An iPhone App That Catches Crooks By Looking Them In the Eye

Police in the Brockton, Massachusetts gang unit are getting a shiny new toy to tackle crime with: a facial recognition system called MORIS that uses an iPhone to identify suspects in the field. I guess it beats being dragged downtown.


Here's how the system, developed by BI2 Technologies, works: an officer uses an iPhone to snap the picture of a person of interest, which is then sent back and compared against a database of nogoodniks that the state is currently compiling. There's also an iris identification feature in the works, wherein a close-up shot of the suspect's eye is sent back to central command for reference, along with a fingerprint reader.
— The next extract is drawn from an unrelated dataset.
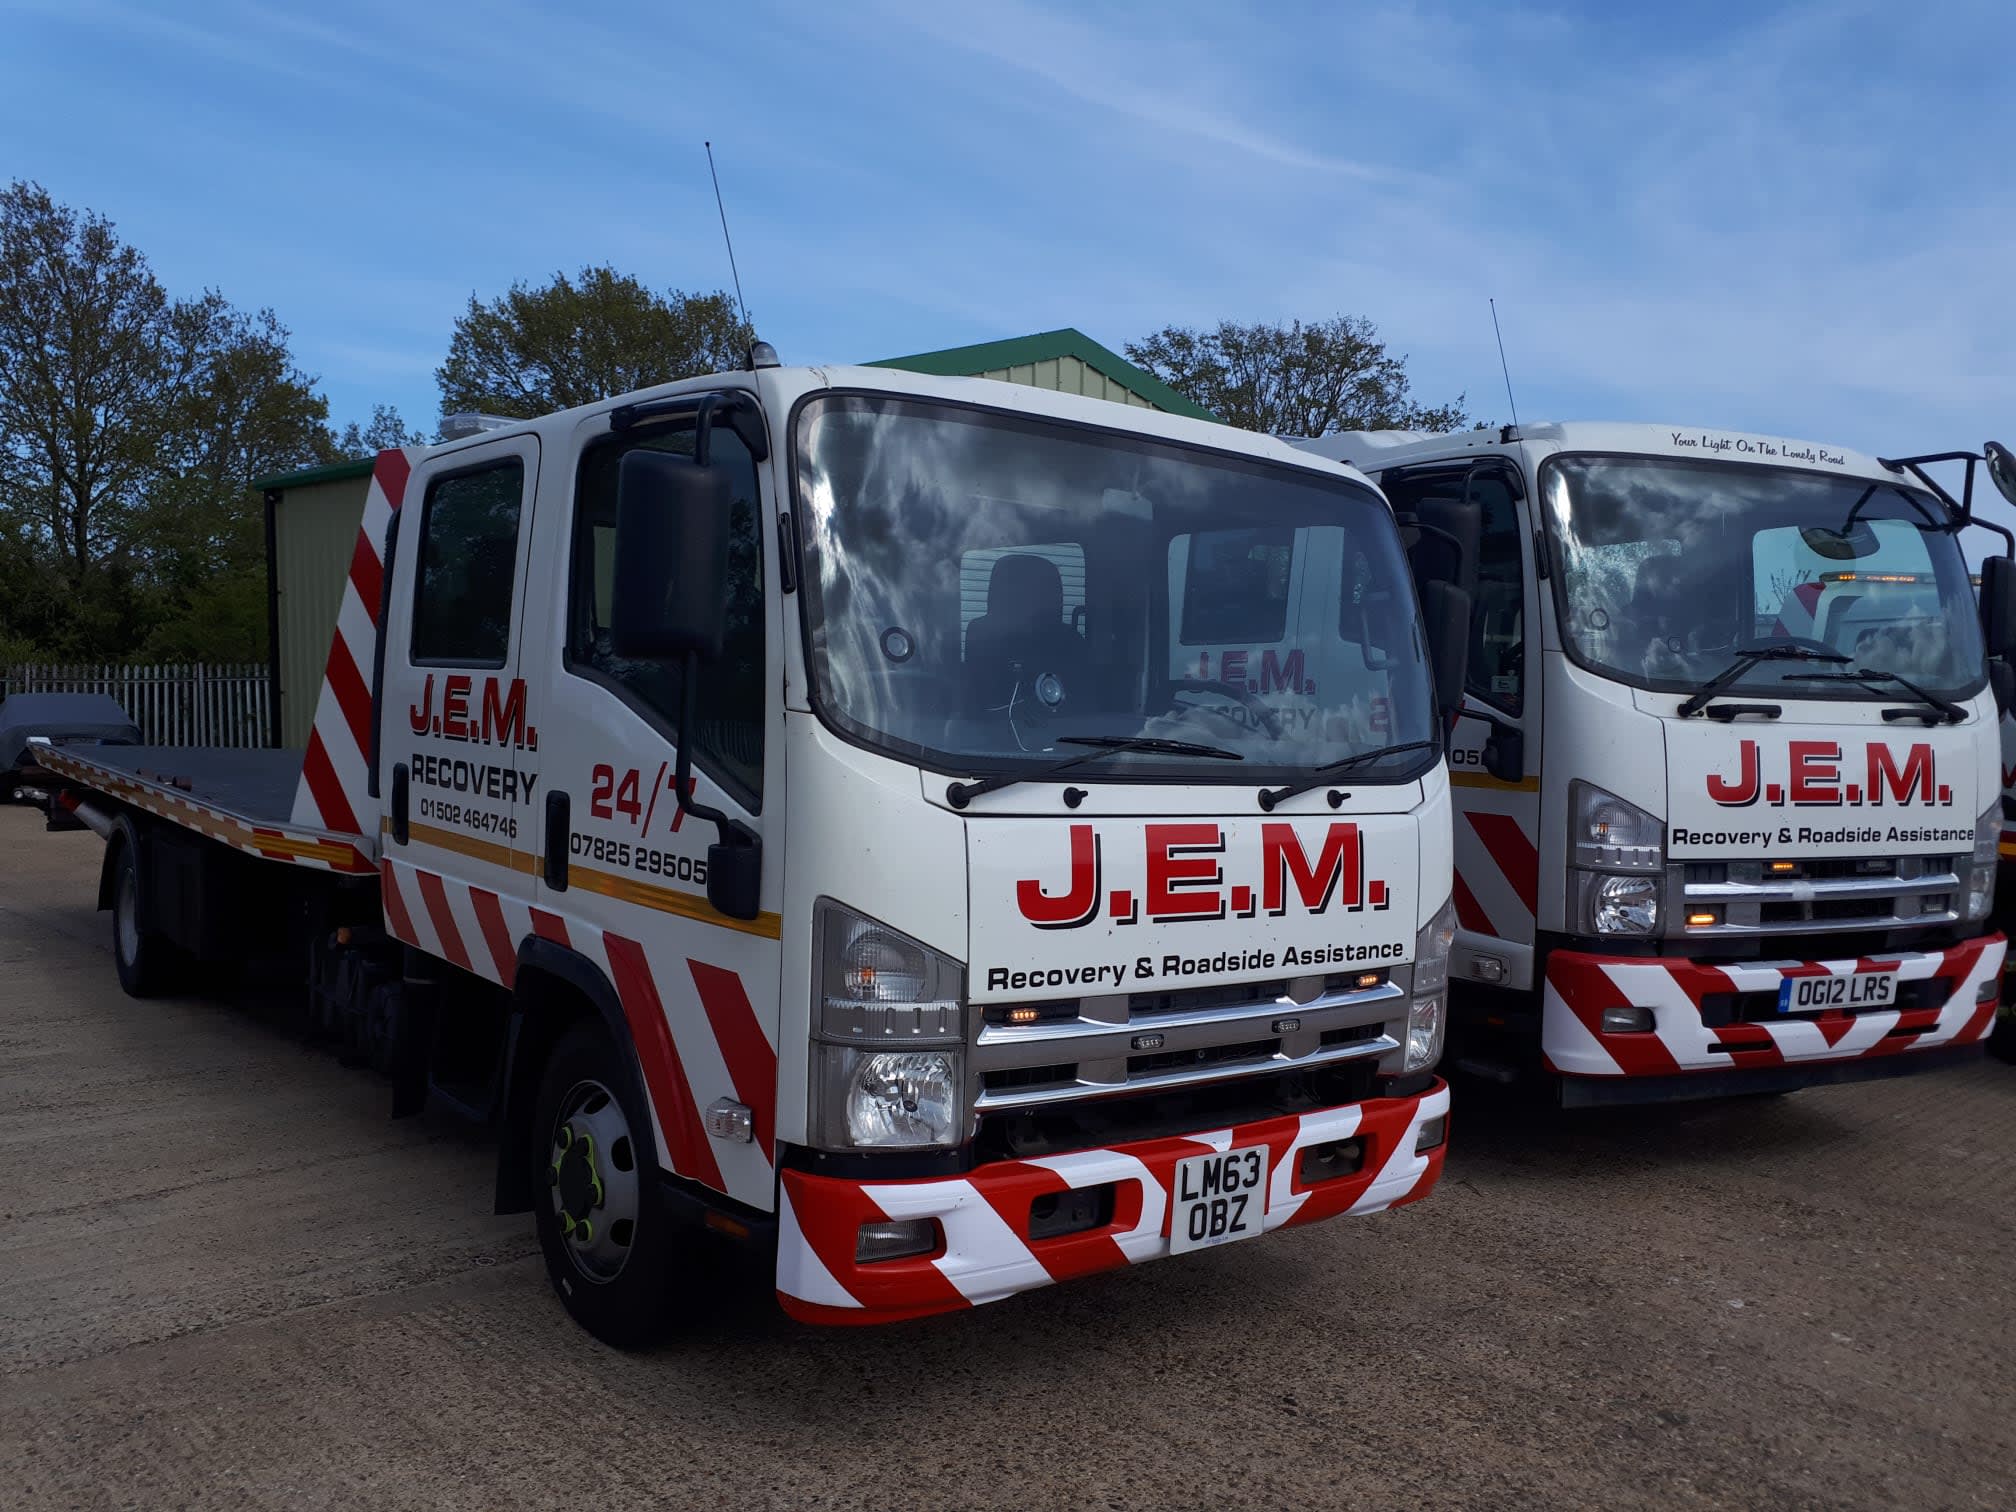 Jem Recovery Beccles 01502 464746

The official word is that the system will only be used when there's probable cause, although I'm sure exactly when and where it can be used and how the database is maintained will be the subject of some debate upon implementation. I just can't wait for the commercialized version. Blind dates will never be the same again! [Patriot Ledger via Fark]


steven [gawker help]

Although I think this is really cool and useful, iPhones are easy to lose (as we've seen in the past). One getting in the wrong hands means access to a very large database of personal and confidential information. I'm sure remote-locking and remote-wiping precautions will be taken but that's only useful if it occurs before any menacing individuals have a chance to extract information.

I think a wiser precaution would be for the app to send that info to the laptop inside the squad car, which in turn does all the dirty work and spits back relevant information to the iPhone, without any sensitive material being stored on the iPhone itself. At least squad car laptops are more secure and less prone to theft or tampering.